It is clear from our data that Rickettsia are common and diverse bacteria. However, the basic biology of most of these strains is entirely unknown and it is therefore unclear how these have spread through populations. As Rickettsia are primarily intracellular, they cannot survive for long in the external environment (but see  for cell-free persistence of related Wolbachia). For this reason, they are most readily maintained either by vertical transmission (mother to offspring) in their arthropod hosts or, in the case of blood-sucking arthropods, by horizontal transmission through an infected vertebrate (one case is also known of transmission through a plant ). Because infectious transmission between arthropod hosts is thought to be rare, the general view is that exclusively arthropod Rickettsia are maintained within a host species primarily by transovarial transmission, and therefore must enhance the fitness of infected females . Some Rickettsia raise infected female fitness in an indirect way by manipulating host reproduction towards infected daughters at the expense of sons, either by killing male offspring as embryos (male-killing) or by inducing parthenogenesis [13, 65]. The closely related bacterium O. tsutsugamushi also causes a female biased sex ratio in its mite host . Theoretically, arthropod Rickettsia could also be maintained by directly providing a fitness benefit to infected females as shown for other bacterial groups [67–71], eg by providing essential nutrients or protection from other infective agents. Although, Rickettsia are required for egg production in the booklouse Liposcelis bostrychophila, and are therefore obligatory, in most cases where the arthropod relationship has been studied in depth, Rickettsia are pathogenic [8, 72–74] or have no observable effect [75, 76], making a mutualistic role for Rickettsia in those hosts unlikely.
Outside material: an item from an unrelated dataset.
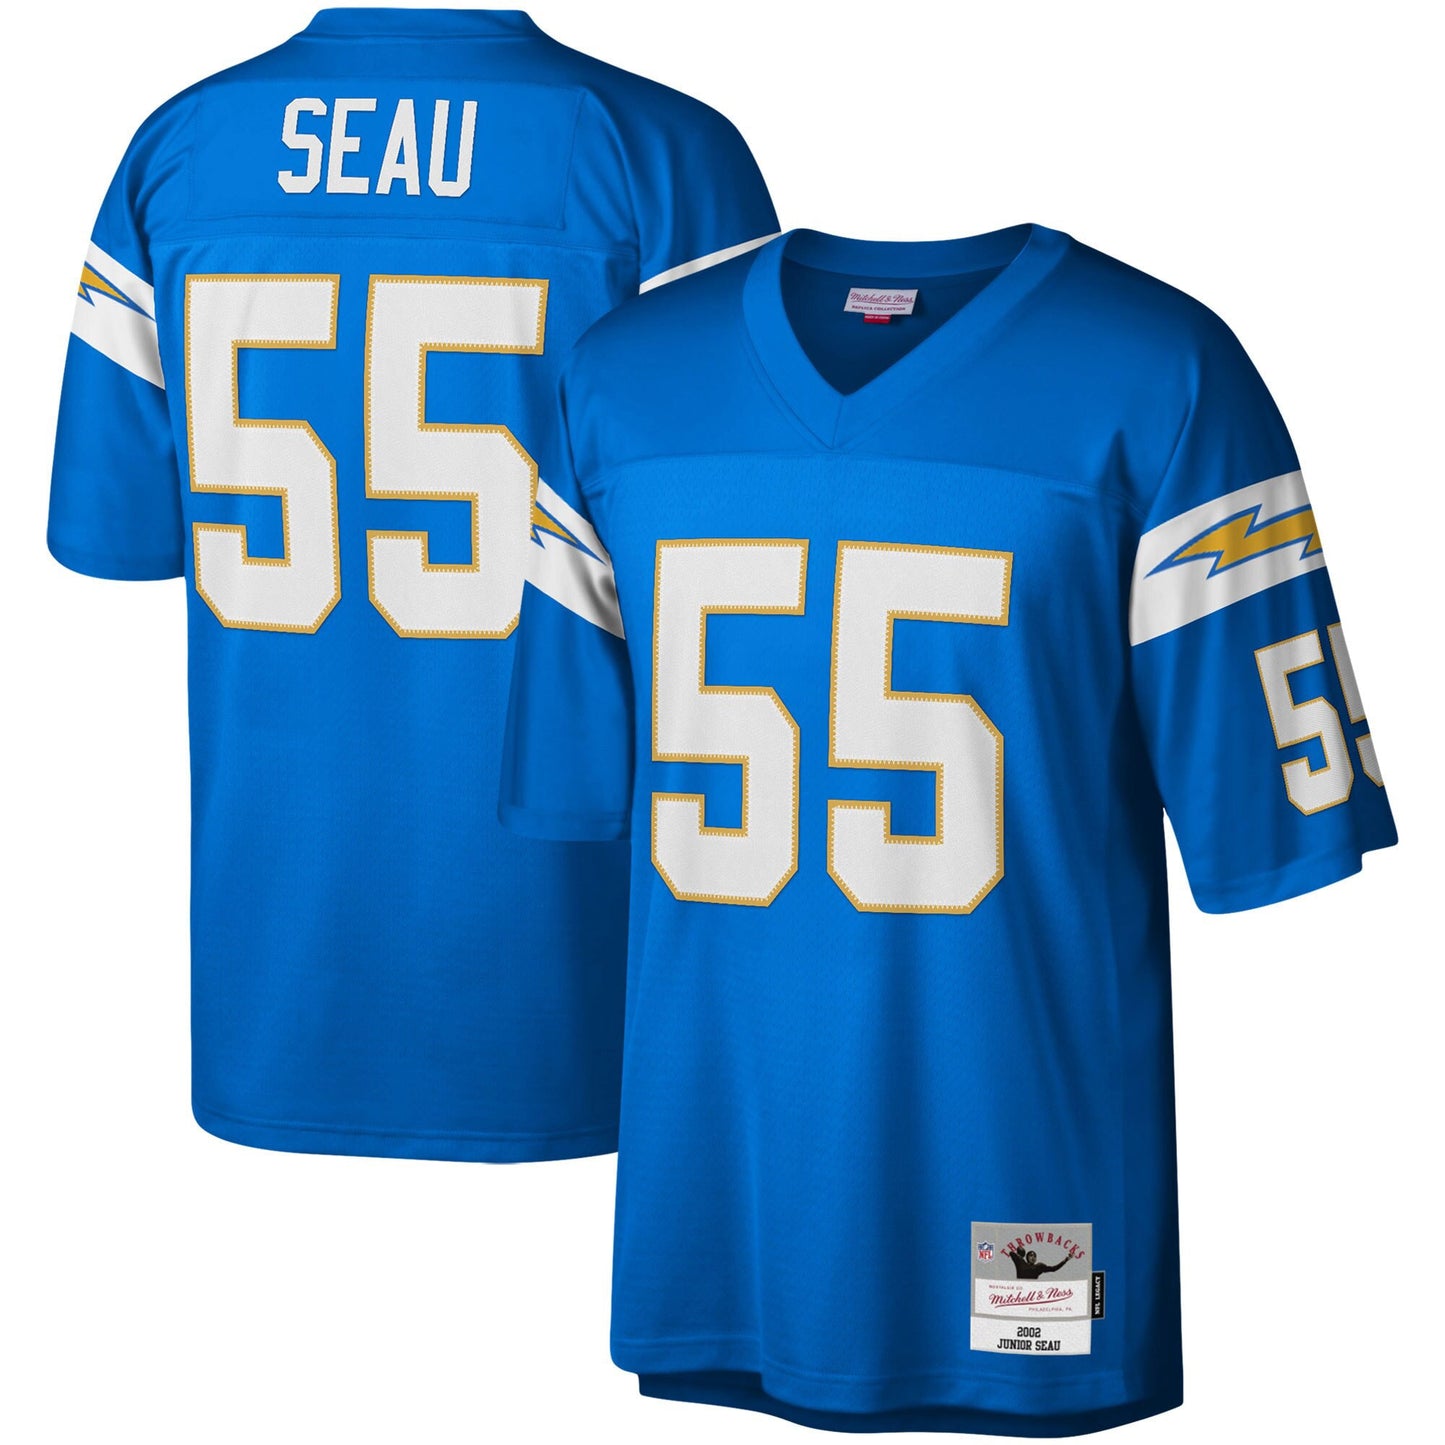 Junior Seau Los Angeles Chargers Mitchell & Ness Big & Tall 2002 Retired Player Replica Jersey - Powder Blue

For those Rickettsia that are vertebrate pathogens but vectored by arthropods, the effects of the bacteria on their arthropod hosts are generally poorly understood .Rickettsia prowazekii is clearly pathogenic to infected lice, and transmission through humans is essential to the maintenance of the bacteria in arthropod populations. In every other case, human infections are accidental, but transmission through other vertebrates may allow the bacteria to persist in populations. Many of the bacteria that can infect vertebrates are also transmitted vertically by the arthropod host . In these cases, even very occasional horizontal transmission through the vertebrate host can enhance the maintenance of bacteria in arthropod populations.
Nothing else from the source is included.